Für Kirner ist die Welt seit der Krise an einem Scheideweg angelangt. Die Frage sei, ob sie die richtigen Lehren daraus ziehe. "Sehen wir künftig, wie wichtig es ist, Nahrungsmittelversorgung weltweit nachhaltig sicher zu stellen? Oder gilt bald wieder das Recht des Stärkeren? Wird Solidarität als Schwäche betrachtet?" Dass extreme Globalisierung einen Dämpfer erfahren habe, ist für ihn jedoch unbestritten. "Probleme nach China auszulagern und sich nicht weiter dafür zu interessieren, spielt es nicht mehr."

Kein billiger Ramsch

Was die Konsumgewohnheiten der Österreicher betrifft, habe Corona viel in den Köpfen bewegt, was weit über die Krise hinauswirken werde, ist Kirner überzeugt. Lebensmittel hätten im Vergleich zu Produkten wie Mode und Handys an Bedeutung gewonnen. Wer gelernt habe, selber daheim zu kochen, kaufe dafür nicht mehr den billigsten Ramsch.
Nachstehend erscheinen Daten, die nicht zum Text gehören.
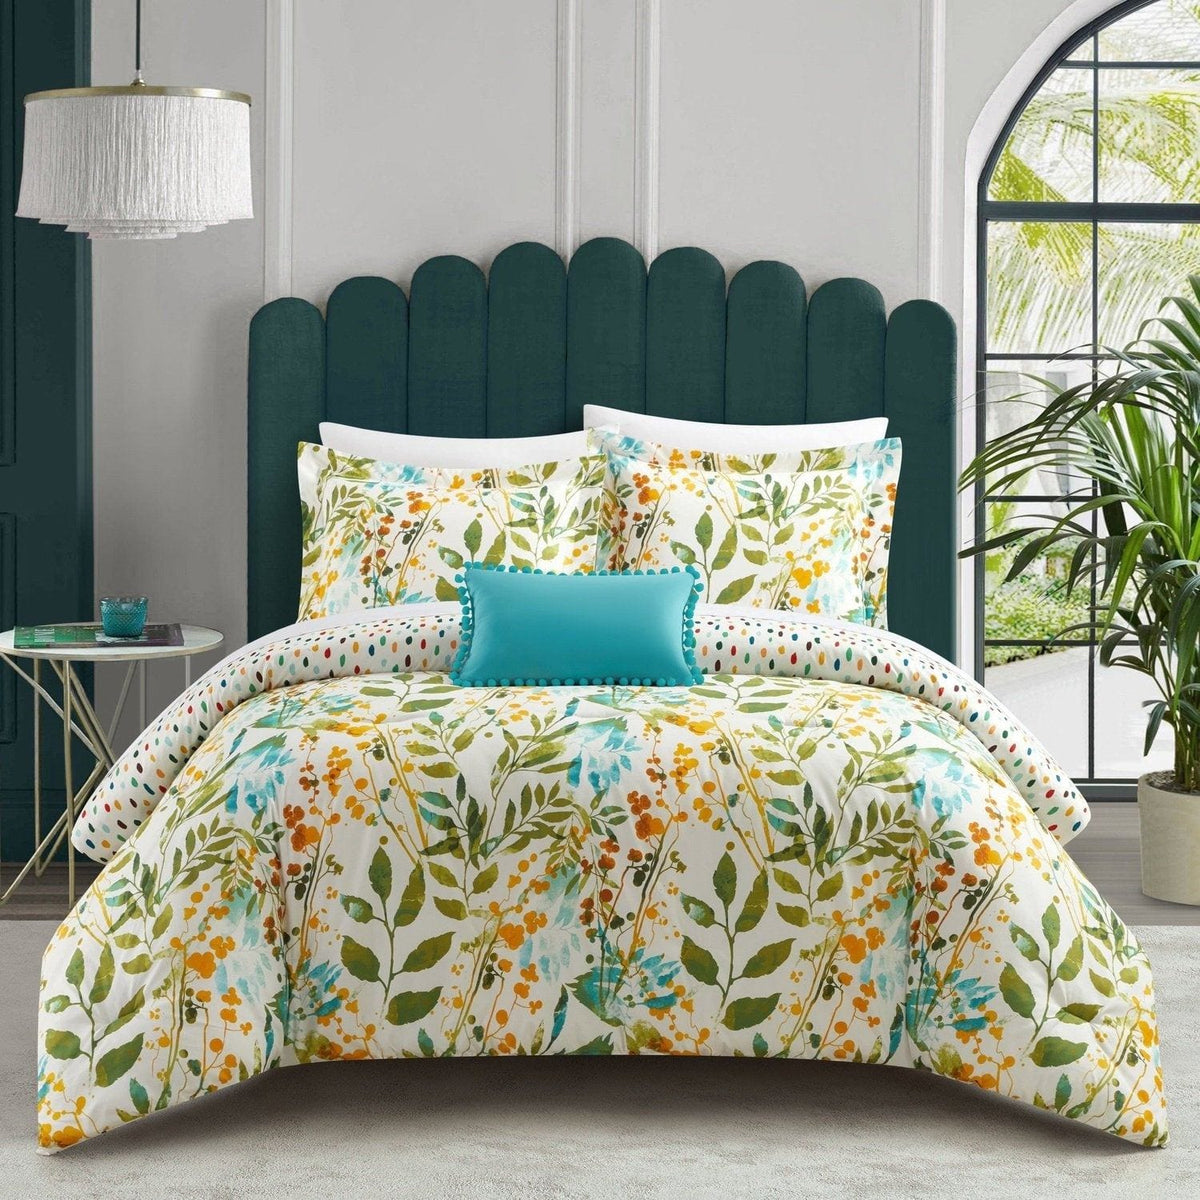 Chic Home Blaire 4 Piece Reversible Floral Print Comforter Set Twin

Der faire Handel selbst sei in Österreich in den vergangenen Wochen ohne schwere Blessuren durch den Shutdown gekommen. Der Konsum von fair gehandelten Bananen etwa sei stark gestiegen. Zumal dank offener Schiffshäfen auch internationale Lieferketten gut funktionierten. Absatzeinbussen von bis zu 80 Prozent gab es hingegen im Großhandel mit Blumen. Der eingestellte Flugverkehr kappte Importe aus Produktionsländern wie Nairobi. Bei Fairtrade-Kaffee in der Gastronomie erwartet Kirner heuer anders als in den Jahren zuvor keine Wachstumssprünge. Viele Betriebe kämpften ums Überleben. Die Branche habe jetzt andere Probleme.

Sorge um Afrika und Lateinamerika

Sorge bereitet Kirner der Ausbruch von Corona in Afrika und Lateinamerika. Derzeit sei völlig offen, wie sich die Folgen des Virus etwa auf den Anbau von Bananen auswirkten. Fairtrade schnürte ein Hilfspaket im Volumen von 3,5 Millionen Euro für Schutzmaßnahmen in den Produktionsländern. Standards in der Administration wurden temporär gelockert, um die Geldflüsse zu den Landwirten zu beschleunigen.

Im Vorjahr hat Österreichs Handel mit fair gehandelten Produkten 351 Millionen Euro umgesetzt, ein Zuwachs von mehr als fünf Prozent. Knapp 54 Millionen Dollar flossen aus Österreich an Direkteinnahmen an die Produzentenorganisationen. Stark an Gewicht gewonnen haben Bananen und Kaffee. (Verena Kainrath, 15.5.2020)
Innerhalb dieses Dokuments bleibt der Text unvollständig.